Crash testing has been about saving the driver not the pedestrian


The European ratings have included pedestrian collision safety since 1997.

https://www.euroncap.com/en/vehicle-safety/the-ratings-expla...


I wonder how the new F150 slipped by


By not getting tested in EuroNCAP, they aren't stupid. Here's all pickups [0].

https://www.euroncap.com/en/ratings-rewards/latest-safety-ra...



The US is getting worse at pretty much everything. It's a long-term, comprehensive cultural erosion that stretches from mainstreet to DC.


> cultural erosion

Meh. US culture was always a bit too simplistic, from homesteading the manifest destiny to "USSR has fallen, democracy won" and finally with "first black president elected, racism officially over guys", and now it seems society entered a post-modernist phase.

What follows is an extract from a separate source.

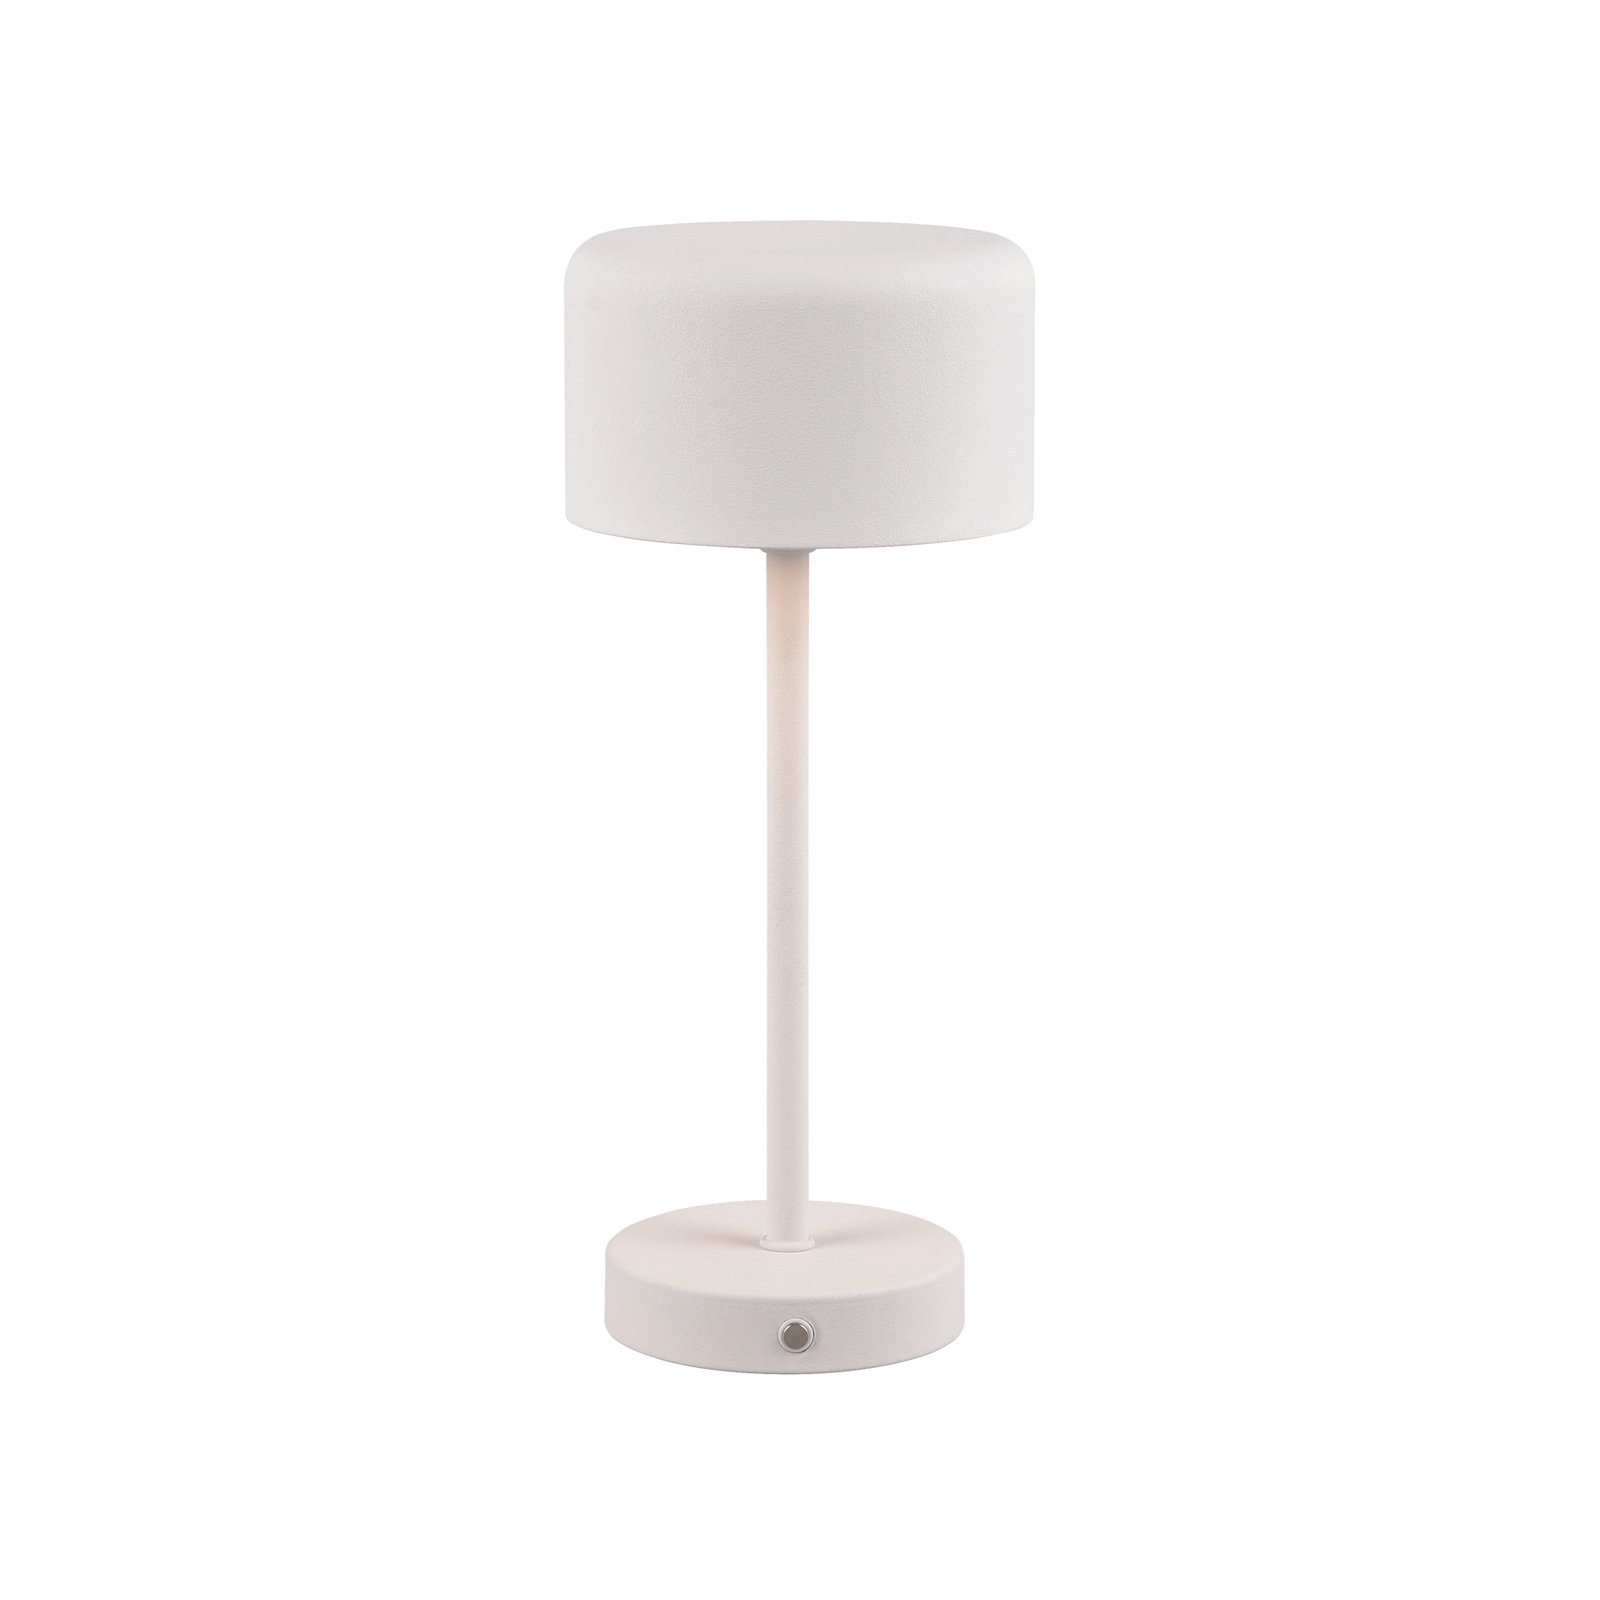 Jeff LED tafellamp, mat wit, hoogte 30 cm, metaal

I mean the obvious fallacies[0] of these oversimplifications are getting the spotlight culturally. And it's mighty polarizing. One one hand it's too much for some people and on the other hand it's still nothing substantial for others.

[0] Yes, the USSR has fallen, but Putin built a cleptocracy, also here comes China. Oh, yes Obama got elected and the ACA is nice, but it hardly moved the needle for millions of people. The benefits of half a century of global and domestic changes concentrated in the top ~30%, and the drawbacks hit the bottom ~30%, and weaponized selfishness, shortsightedness, and radical demagoguery (ie. ingroup vs outgroup populism, both the eat-the-rich and the republiklan variety) are on the rise again, because social media maximizes engagement.


  I am going to be very sad when I find I can no longer buy a car without bullshit like parking sensors, auto braking, digital screens, tracking/logging and so on.